« Djibouti-espace de réflexion et d’échange » ou « DERE » a organisé samedi dernier au palais du peuple une conférence-débat animée par deux éminentes personnalités de la culture djiboutienne, en l’occurrence Mme Aicha Mohamed Robleh et Dr. Ali Moussa Iyeh, devant un public très nombreux issu de divers horizons, parmi lesquels des étudiants et des professeurs de l’université de Djibouti. Aicha Mohamed Robleh, ancienne parlementaire et ministre, à la fois dramaturge et réalisatrice de films, actuellement conseillère du ministre de la communication, a présenté un exposé sur « la place de la culture dans la société ». Quant à Ali Moussa Iyeh, docteur en sciences politiques, ancien chercheur à l’ISERT, ex-journaliste de « La Nation » puis directeur de la presse audiovisuelle de Djibouti, actuellement chef de la section histoire et mémoire pour le dialogue à l’UNESCO a abordé le thème portant sur les « savoirs endogènes et modernité africaine ».

Intervenant en premier, Aicha Mohamed Robleh a tout d’abord présenté les différentes connotations du terme « culture » avant de rappeler les fonctions que celle-ci assume au sein d’une société, en soulignant notamment que la culture représente avant tout l’identité d’un peuple et qu’elle sert entre autres à divertir, à éduquer, à instruire, à rappeler le passé mais aussi à faire évoluer une société vers le progrès. Elle a par ailleurs précisé que « la culture d’un peuple n’est pas quelque chose de figé mais qu’elle évolue et doit nécessairement évoluer grâce aux contacts avec d’autres peuples ».

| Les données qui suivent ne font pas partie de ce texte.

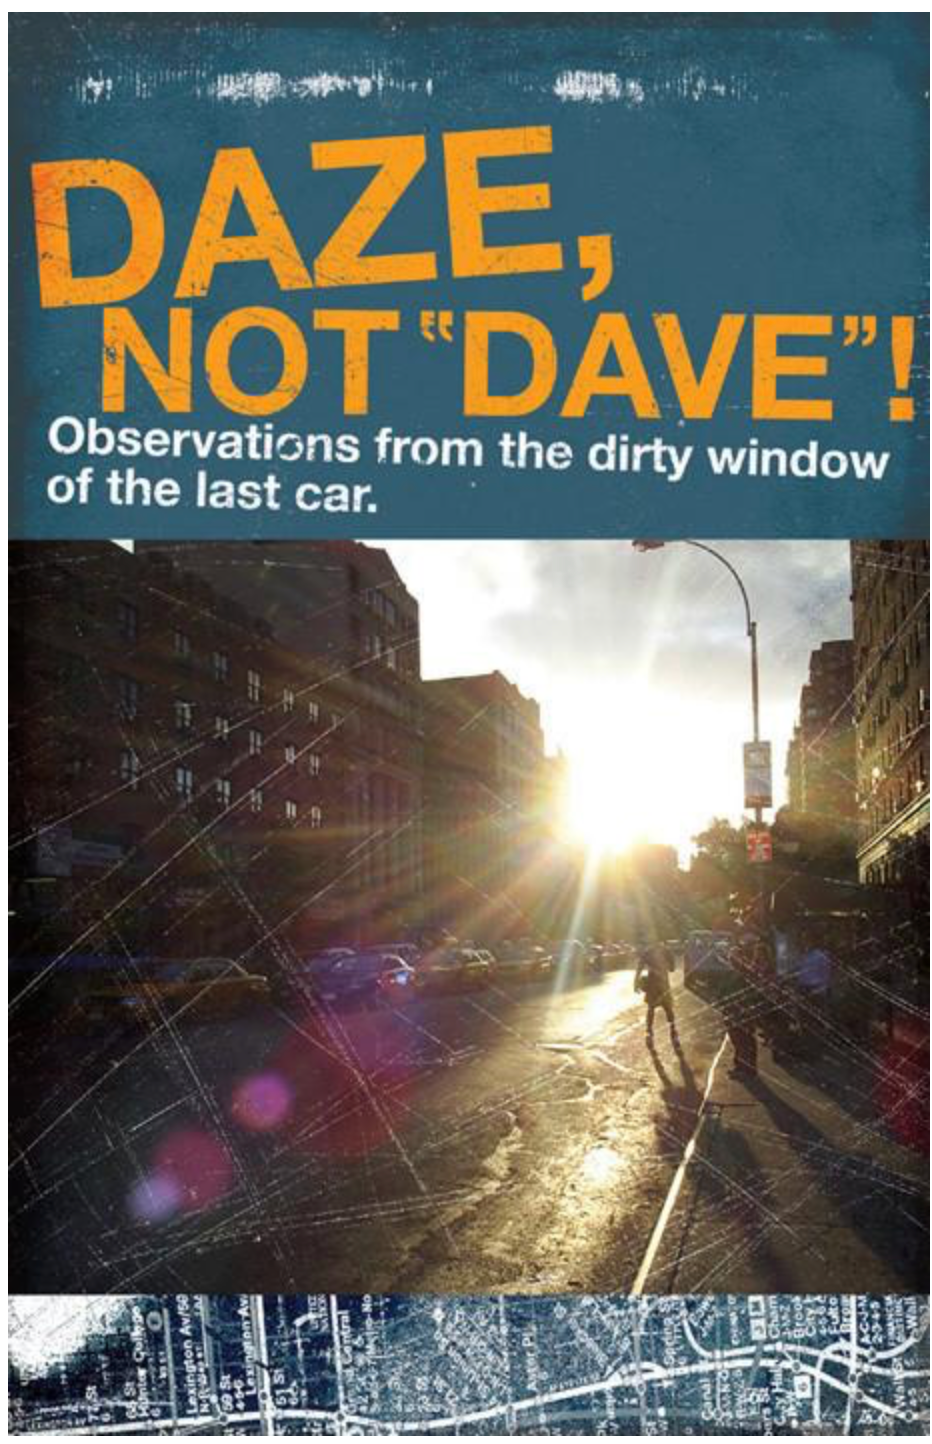 Daze - "Daze not Dave" Zine

Répondant ensuite avec beaucoup de perspicacité aux questions des participants qui ont suivi son exposé, l’érudit de la culture djiboutienne n’a pas manqué d’exalter le public par son talent de narratrice et surtout son sens humoristique avec des récits et des anecdotes illustrant la vie quotidienne des Djiboutiens. De son côté, Ali Moussa Iyeh, qui a défini les « savoirs endogènes » comme étant des savoirs et des connaissances issus des traditions ancestrales, citant comme exemples « XEER ISSA » chez les Issas, « QAADA » chez les afars et « GADA » chez les Oromos, a souligné que ces patrimoines culturels qui régissaient le mode de vie de ces peuples présentent des valeurs incontestables et méritent par conséquent d’être valorisés. Dr Ali Moussa a ensuite démontré combien l’Afrique, qui regorge d’une culture riche et variée, serait gagnante en exploitant dans beaucoup de domaines ces savoirs endogènes dont l’utilité est avérée, au lieu de se cantonner dans des pratiques héritées de la colonisation. Dans la perspective de procéder à cet exercice qu’il appelle « décolonisation culturelle », celui-ci a préconisé de passer par quatre phases, qui sont la phase de la collecte des données, celle de leur sélection en fonction de leurs utilités, celle d’opérationnalisation et enfin celle d’institutionnalisation qui consiste à exploiter ces savoirs dans les domaines divers tels que l’éducation, la médecine, l’agriculture, etc. Comme pour Aicha Robleh, l’exposé du Dr Ali Moussa a débouché sur un large débat très enrichissant qui a permis de conscientiser le public sur le fait que la culture endogène constitue un socle sur lequel se construit la modernité.

Bref, comme chacun s’y attendait, cette conférence-débat s’est avérée très instructive. Bien entendu, le mérite revient à DERE qui, espérons-le, saura perpétuer des événements culturels de ce genre afin de favoriser l’enrichissement culturel de nos compatriotes.